The heck with a clicker, first release I shot was a BT Gold. Learn how to draw with your pointer finger. I shoot my hinge so hot most cant even draw them back. I have even slowed it way down and Bowgod launched his little sis's arrow through the trees. But its gonna take some time to get used to, just set it slow untill its fighting you and then speed it up until your comfortable with it. I am now shooting a Scot Longhorn 3 finger, the micro feels great but its a HUGE differance in scores between the 2 for me. Jump in full steam ahead!


----------



## psargeant (Aug 1, 2004)

Bobmuley said:


> What the heck is the right way to shoot a clicker? The guy that won flights at Vegas last year just uses it as a speed bump during rotation. Slows him down a little, but not much. His best attribute has always been that he can aim well, and not even that can distract him.
> 
> Clickers to me interupt the whole process and give me the heebie jeebies so I do better without them.





JPE said:


> I know how it works, but thanks for the tip.
> 
> For me, just knowing that there is very little travel left when the release clicks it just induces some bad TP tendencies that I don't care to deal with anymore. Doesn't matter if it clicks before, during, or after anchor. I simply shoot much better without it. Glad to hear the click works for you.

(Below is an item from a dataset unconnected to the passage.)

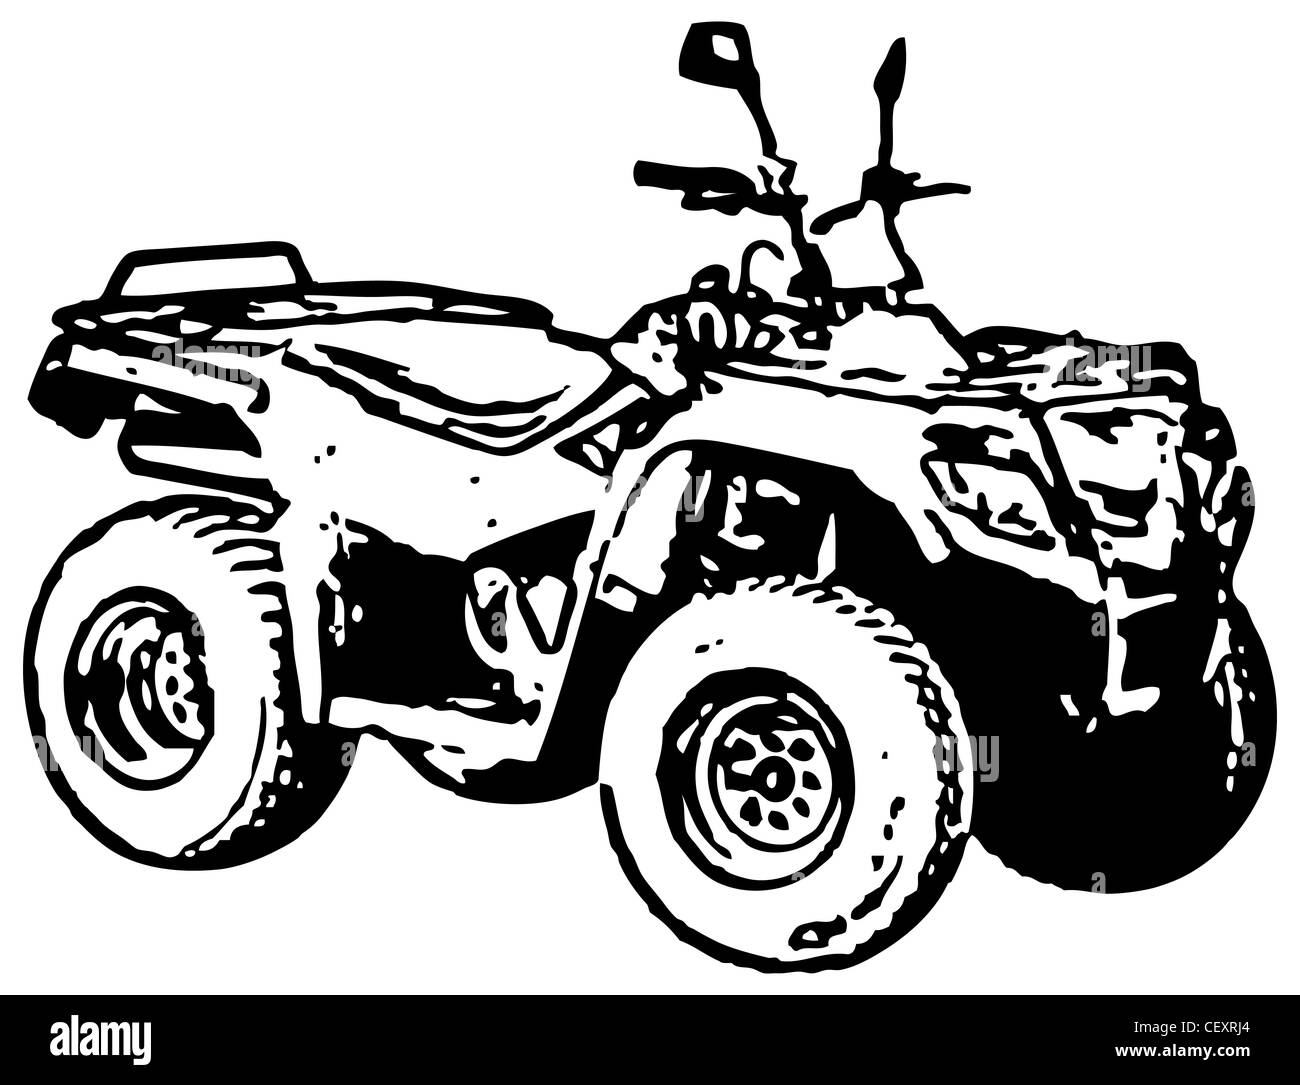 L'image monochrome rugueux - moto à quatre roues motrices Banque D'Images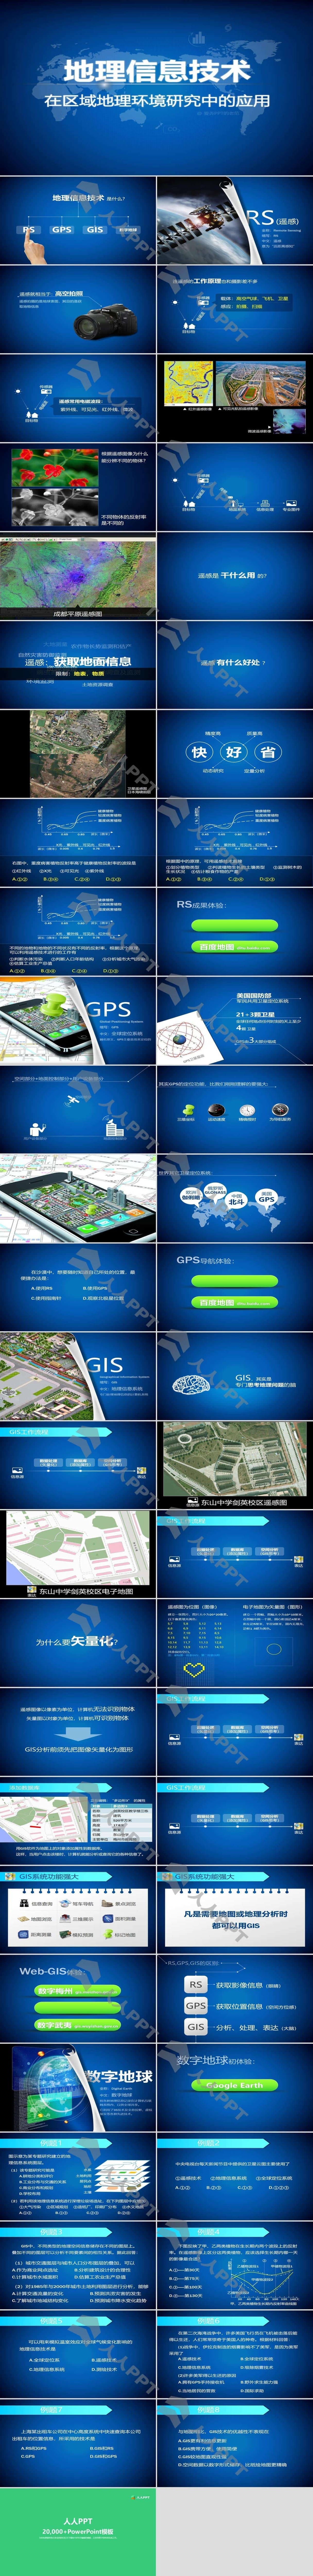 地理信息技术在区域地理环境研究中的应用PPT模板长图

What they both said. But then my psyche is a bit fragile to begin with...



VA Vince said:


> The heck with a clicker, first release I shot was a BT Gold. Learn how to draw with your pointer finger. I shoot my hinge so hot most cant even draw them back. I have even slowed it way down and Bowgod launched his little sis's arrow through the trees. But its gonna take some time to get used to, just set it slow untill its fighting you and then speed it up until your comfortable with it. I am now shooting a Scot Longhorn 3 finger, the micro feels great but its a HUGE differance in scores between the 2 for me. Jump in full steam ahead!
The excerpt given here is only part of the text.